The park is named for its benefactor, George Hancock, a California petroleum industry pioneer, who recognized the scientific importance of the fossils found in the asphaltic deposits. He inherited the 3,000 acre in 1883 that included the La Brea tar pits, and found animal bones when digging for oil at them.

Until 1875, bones found in the asphalt deposits were considered remains of domestic stock and native mammals of the region. In that year scientist William Denton published the first mention of the occurrence of extinct fauna at Rancho La Brea.

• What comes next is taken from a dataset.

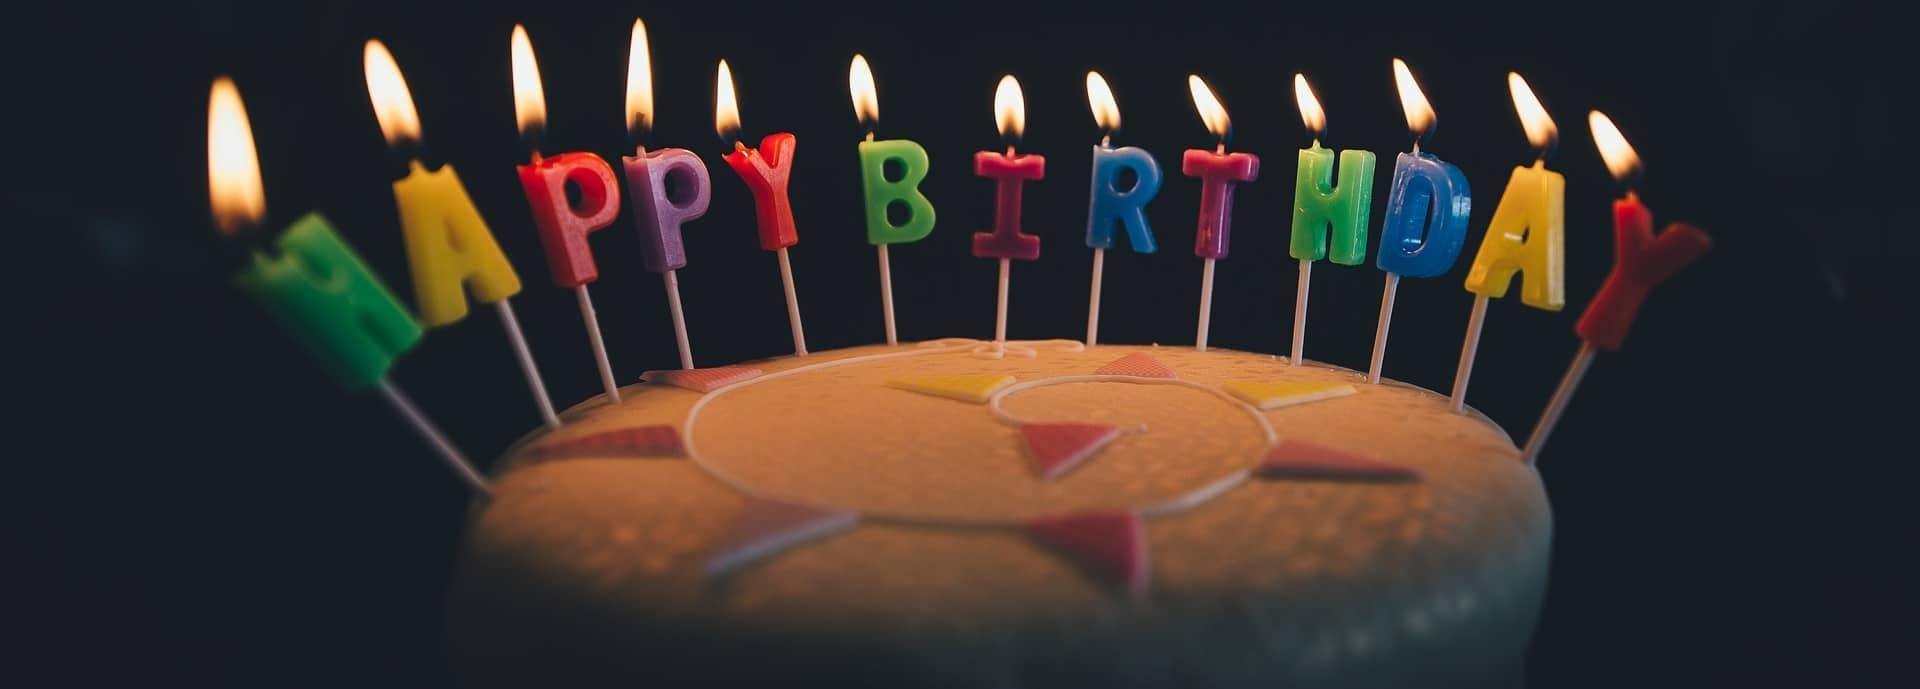 invitation a un anniversaire message

It was not until 1901 that the bones on the Hancock Ranch were thoroughly studied by William Warren Orcutt, a prominent Los Angeles geologist and petroleum pioneer. who examined bones he personally collected. Orcutt collected bones of saber-toothed cat, dire wolf, ground sloth and other fossils from the site, bringing the attention of the scientific community to the value of the La Brea Tarpits in understanding the late Pleistocene fauna and flora of North America. Orcutt eventually donated his fossil collection to John Campbell Merriam of the University of California.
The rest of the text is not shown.